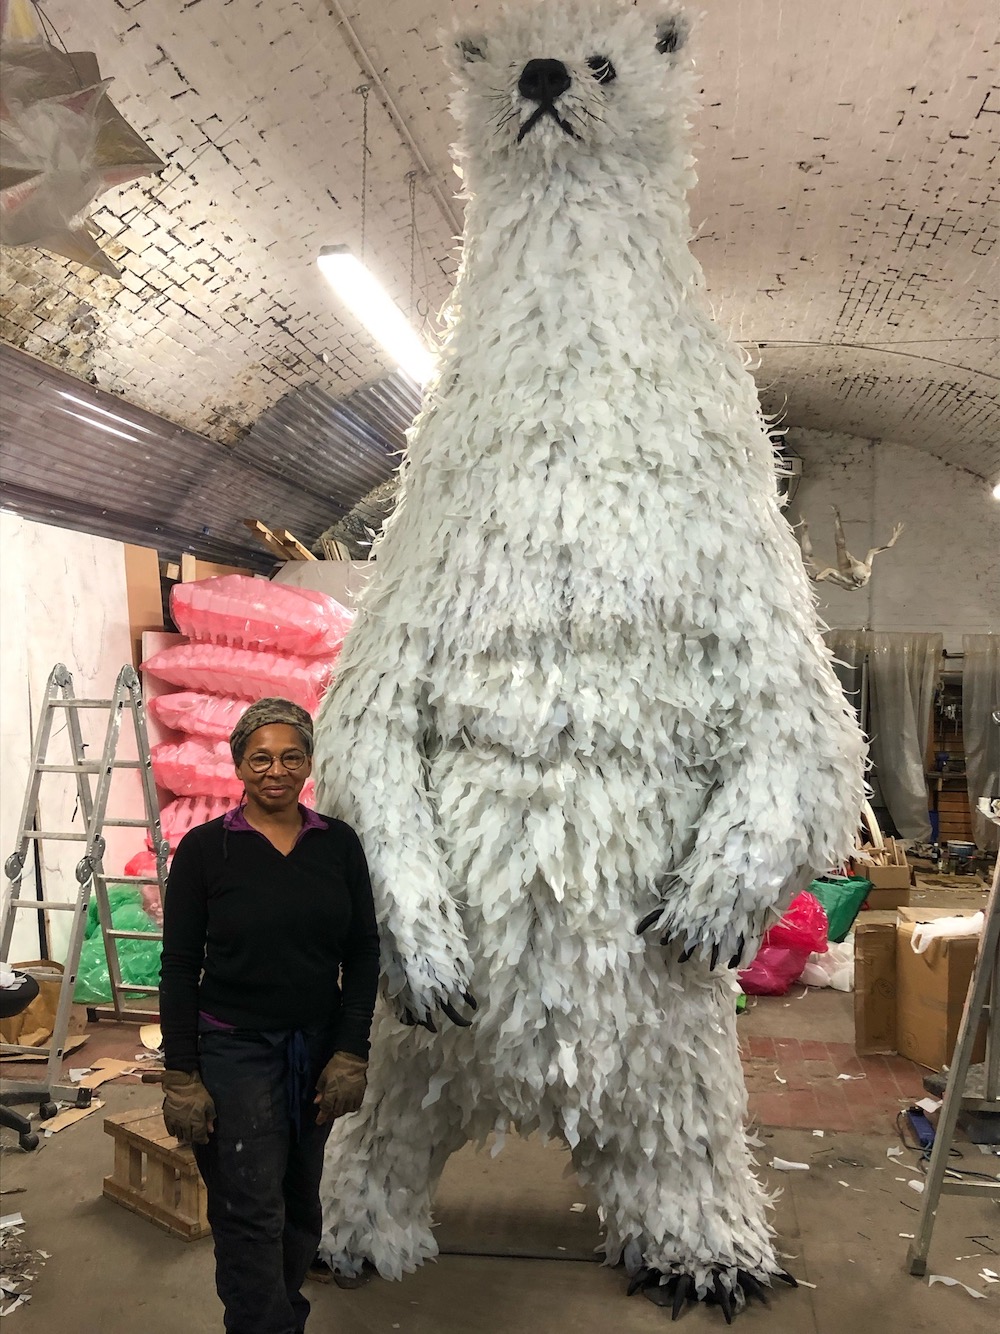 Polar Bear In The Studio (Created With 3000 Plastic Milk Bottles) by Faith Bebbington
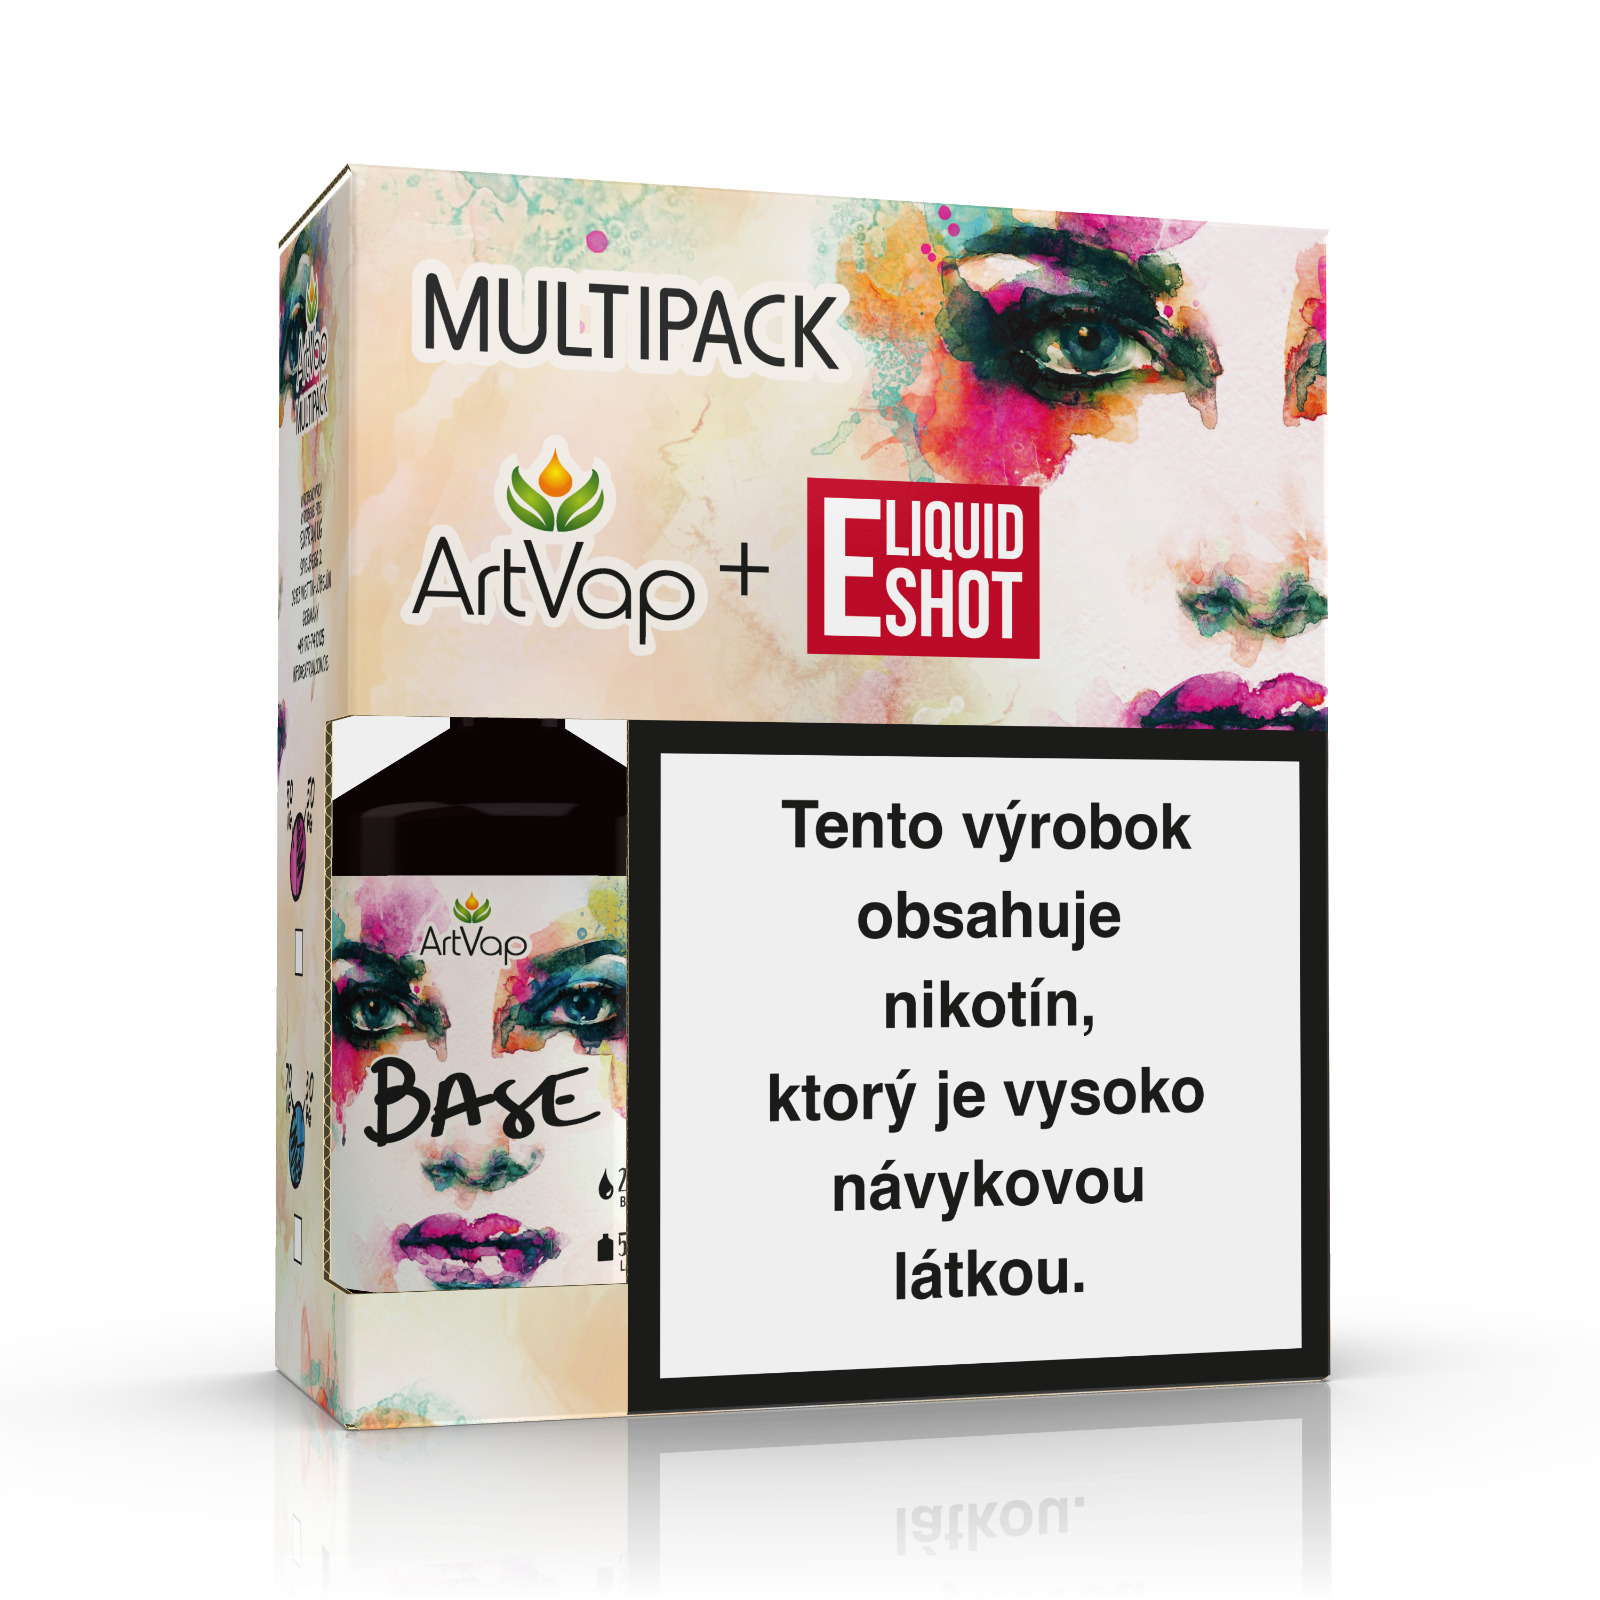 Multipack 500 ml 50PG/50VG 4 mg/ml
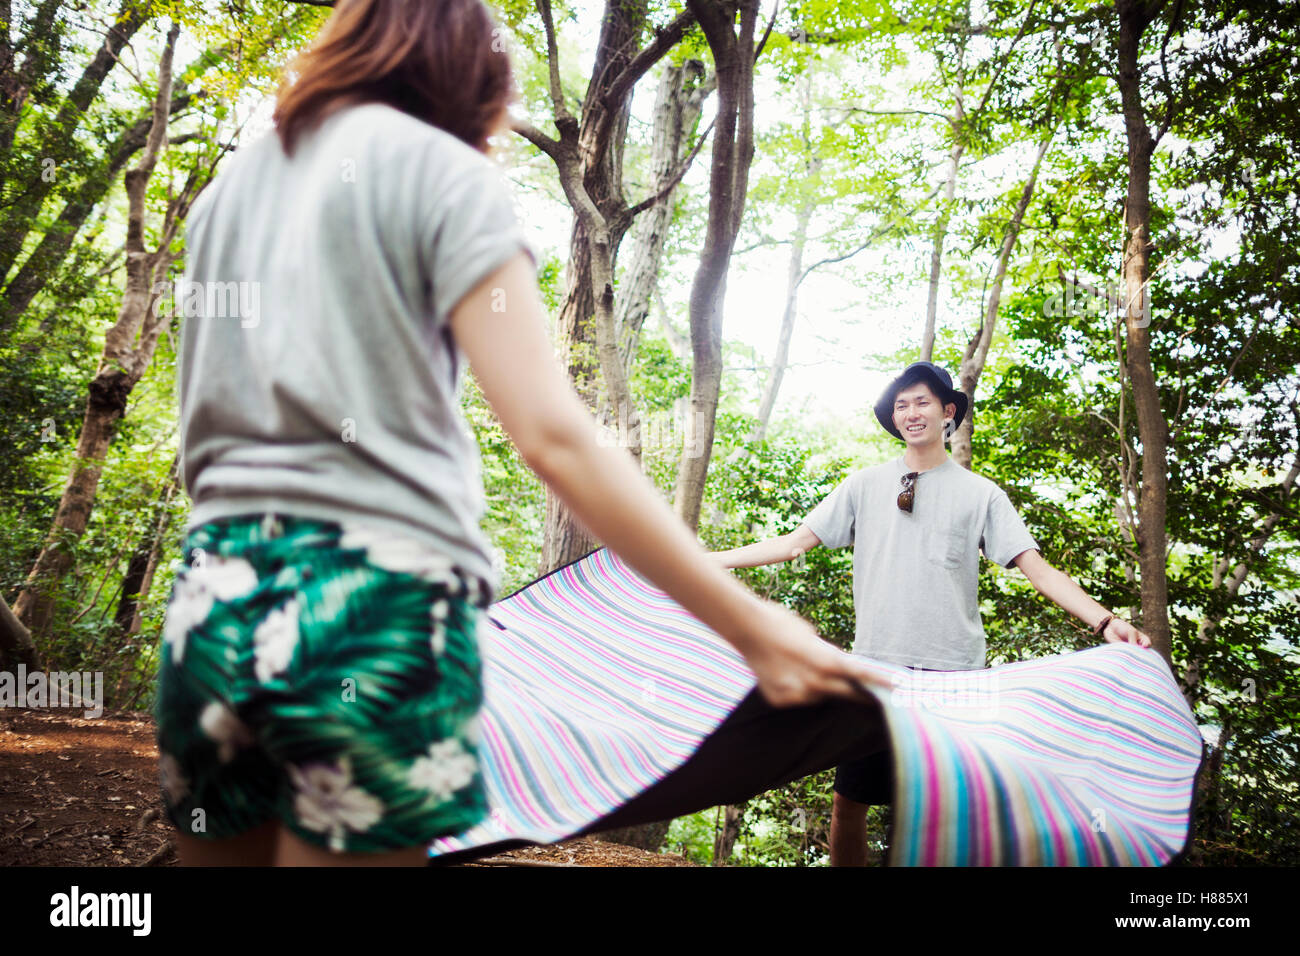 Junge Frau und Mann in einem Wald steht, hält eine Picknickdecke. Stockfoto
============================================================
Brief ::
Please set down, word for word, the lines starting at the line that holds "Multipack 500 ml 50PG/50VG 4 mg/ml" and running to the end of the listing, with no pictures.

Worked solution ::
 Multipack 500 ml 50PG/50VG 4 mg/ml
 Junge Frau und Mann in einem Wald steht, hält eine Picknickdecke. Stockfoto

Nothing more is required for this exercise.